When the pages on our free list fall below minfree ,
the VMM will start to steal pages, which we don't want to
happen until the free list has beefed up the number in
maxfree . The values should be similar to the ones
shown in Listing 5.
Listing 5. Setting the minfree
and maxfree parameters
vmo -p -o minfree=960
vmo -p -o maxfree=1088
|
CPU
In this section, we'll discuss CPU as it relates to AIX
and Oracle. We'll discuss how we can tune our CPU subsystems
and take advantage of recent System p innovations to
increase Oracle performance.
Let's start with SMT. This important POWER5 innovation
allows for the ability of one single physical processor to
concurrently dispatch instructions from several hardware
threads. In AIX 5L Version 5.3, a dedicated partition
created with one physical processor is configured as a
logical two-way by turning on SMT, which allows two hardware
threads to run on one physical processor at the same time.
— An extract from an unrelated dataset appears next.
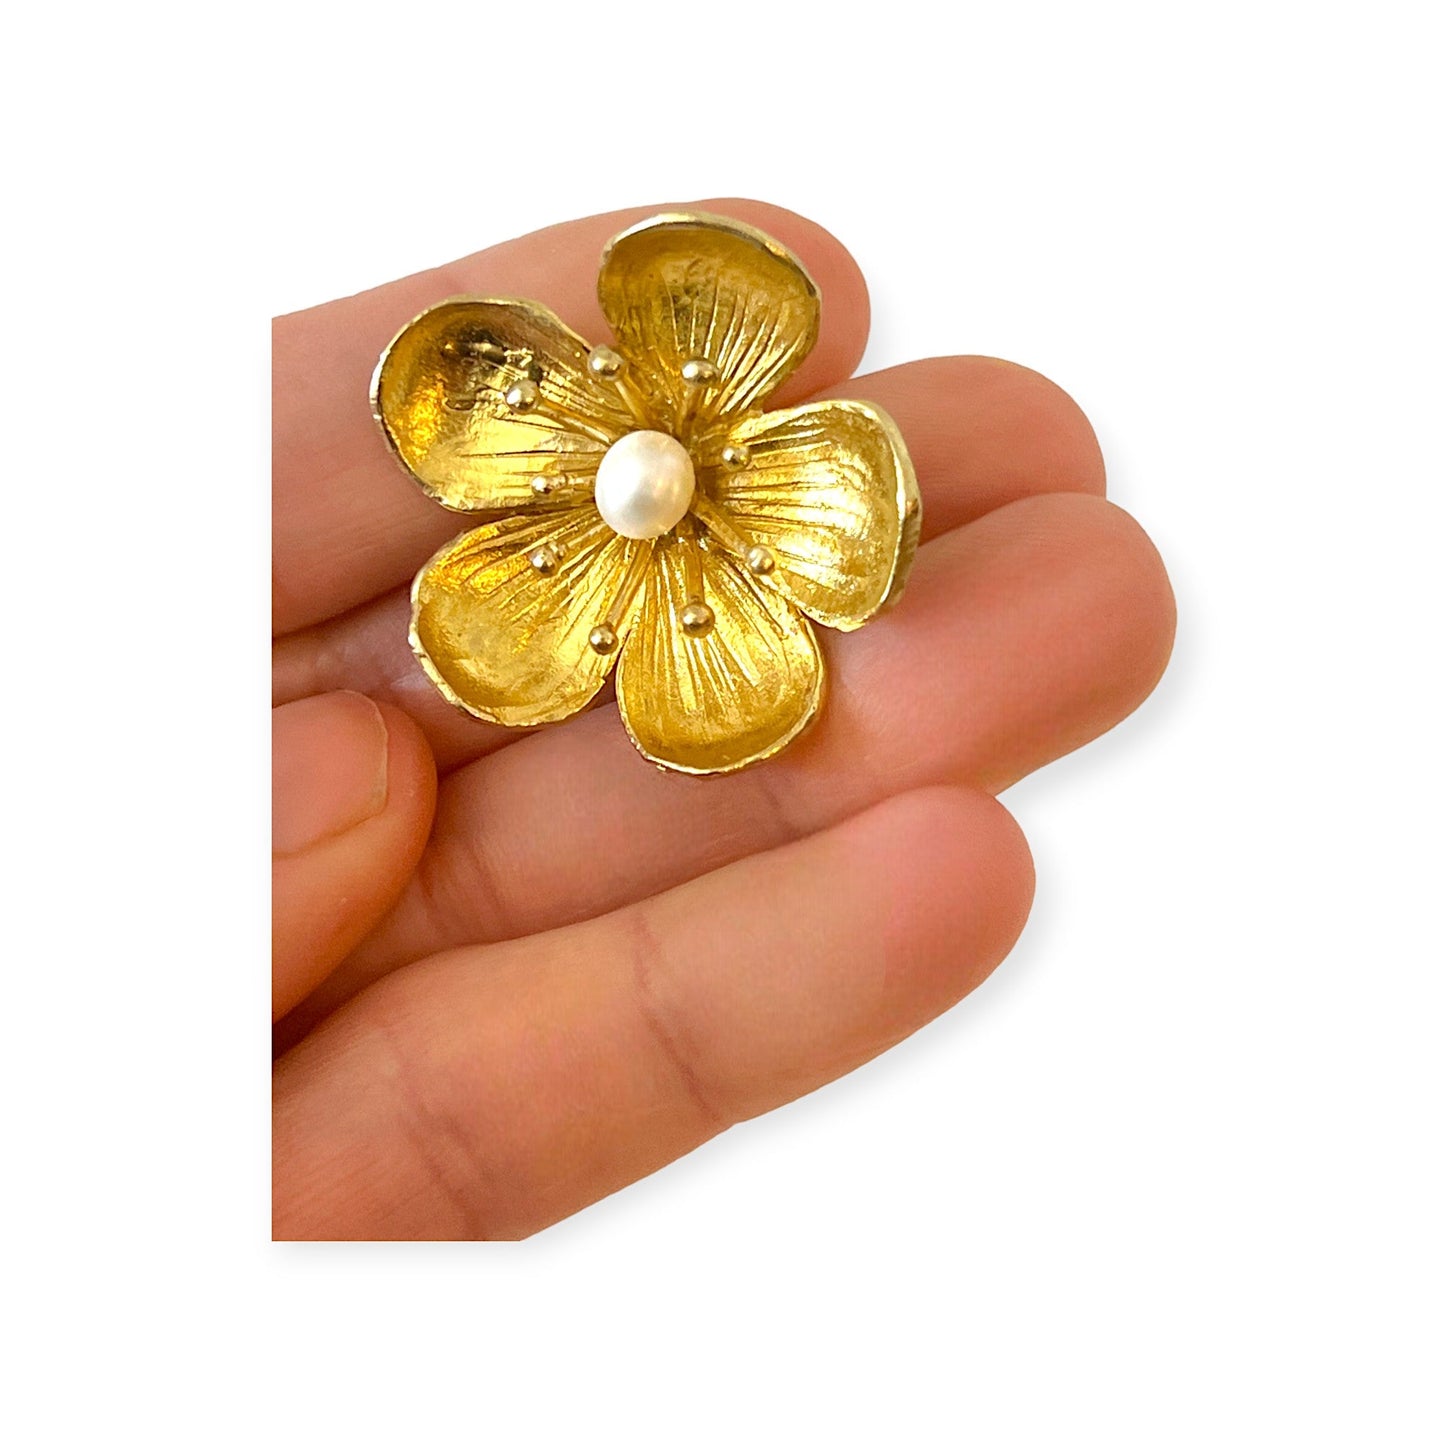 Pearl floral stud earrings - Sundara Joon

You should always leave SMT on with Oracle (see Listing 6).
Listing 6. Leaving SMT on with Oracle
oot@lpar21ml16ed_pub[/home/u0004773] > smtctl
This system is SMT capable.
SMT is currently enabled.
SMT boot mode is not set.
SMT threads are bound to the same virtual processor.
proc0 has 2 SMT threads.
Bind processor 0 is bound with proc0
Bind processor 1 is bound with proc0
root@lpar21ml16ed_pub[/home/u0004773] >
|
Let's run a performance-monitoring utility, mpstat (see Listing 7).
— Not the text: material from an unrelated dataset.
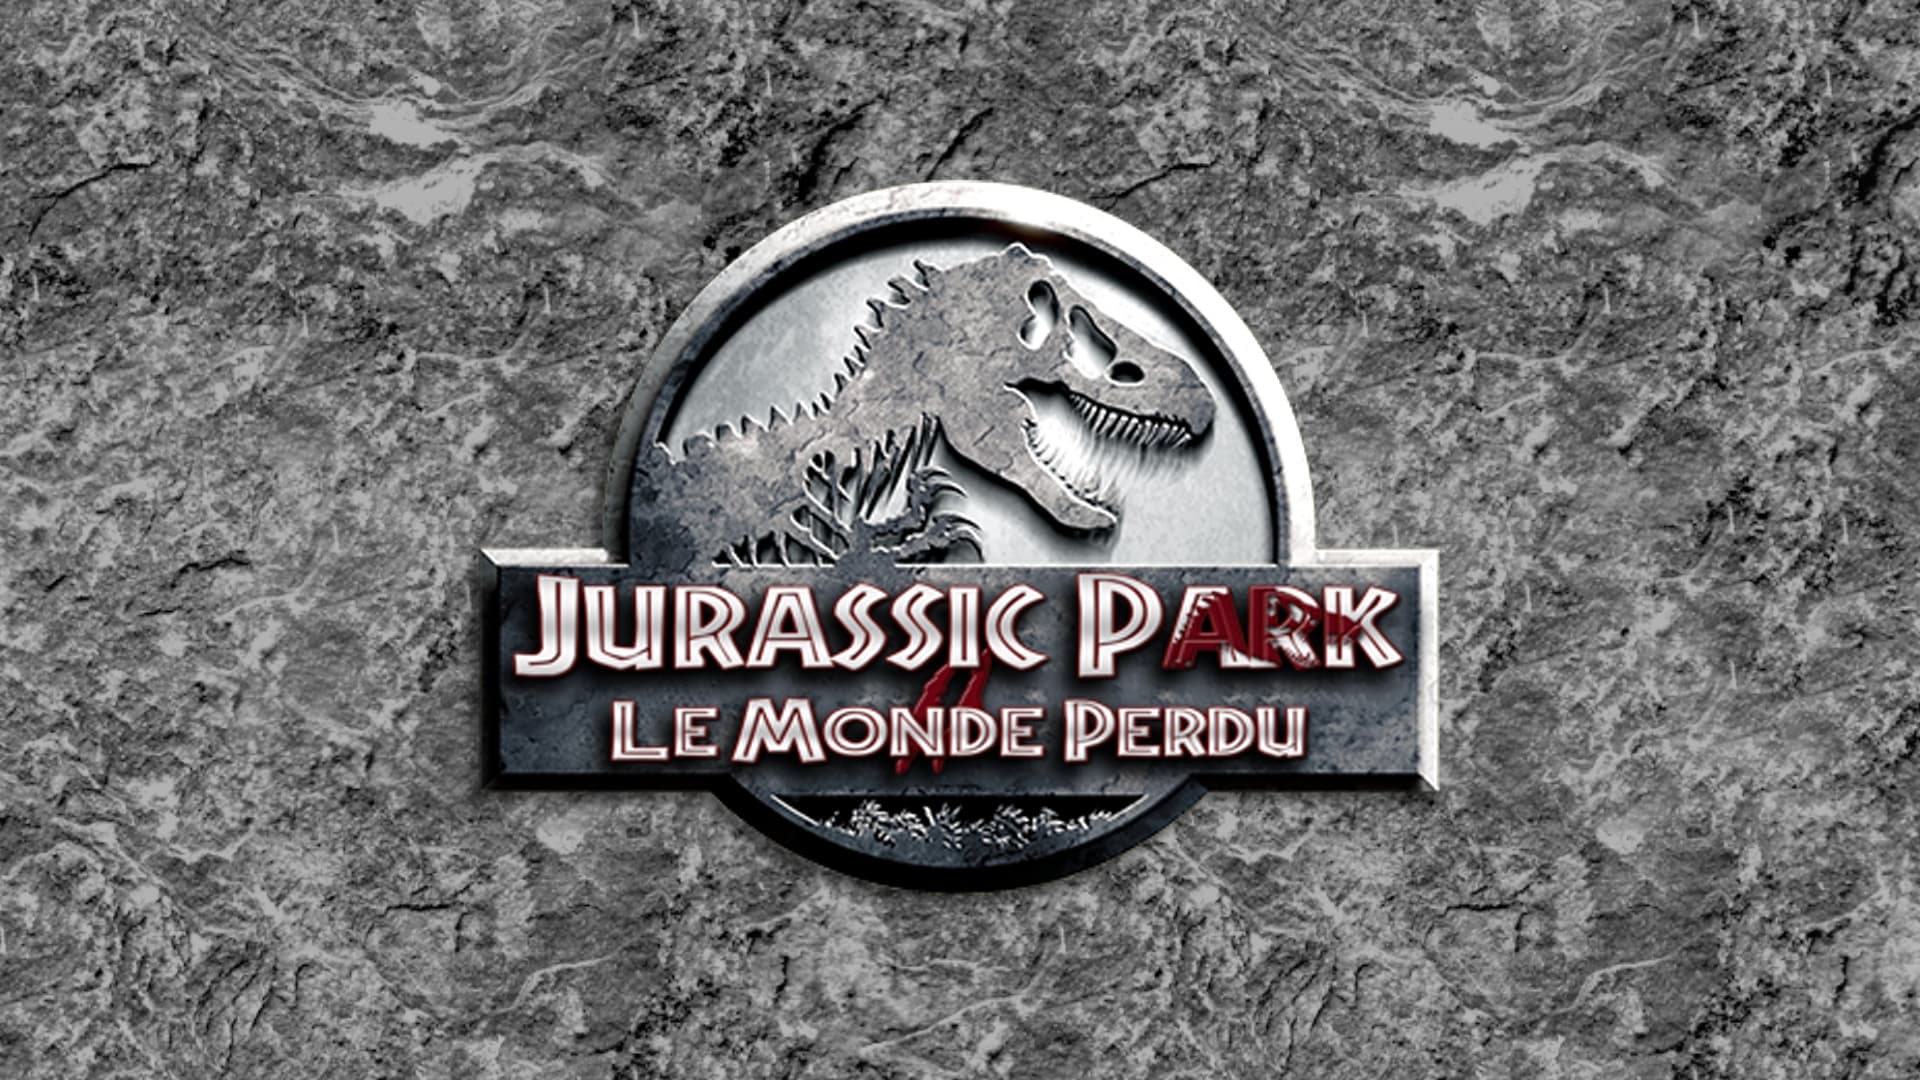 Image du film Le Monde perdu : Jurassic Park u14idxdhgdsr6h3du85uybfhskfjpg

Listing 7. Running the mpstat utility
root@lpar21ml16ed_pub[/] > mpstat 1 5
System configuration: lcpu=2 ent=0.2 mode=Uncapped
cpu min maj mpc int cs ics rq mig lpa sysc us sy wa id pc %ec lcs
0 0 0 0 557 274 128 1 1 100 682 26 51 0 22 0.02 9.9 769
1 0 0 0 289 2 2 1 1 100 0 0 27 0 73 0.01 4.1 772
U - - - - - - - - - - - - 0 86 0.22 86.1 -
ALL 0 0 0 846 276 130 2 2 100 682 3 6 0 91 0.03 13.9 1541
|
Though our system has only one physical CPU, we can see that both
logical CPU's come up when analyzing our systems.
Another important utility worth mentioning is nmon, which
has been my favorite monitoring utility for years now (see
Figure 1).
Figure 1. nmon output
Although nmon shows activity by CPU, you can use different flags to
show the amount of activity that the Oracle processes are
using. Furthermore, using the nmon analyzer, you can
download information into spreadsheets and compile
nice-looking charts that senior management likes to see.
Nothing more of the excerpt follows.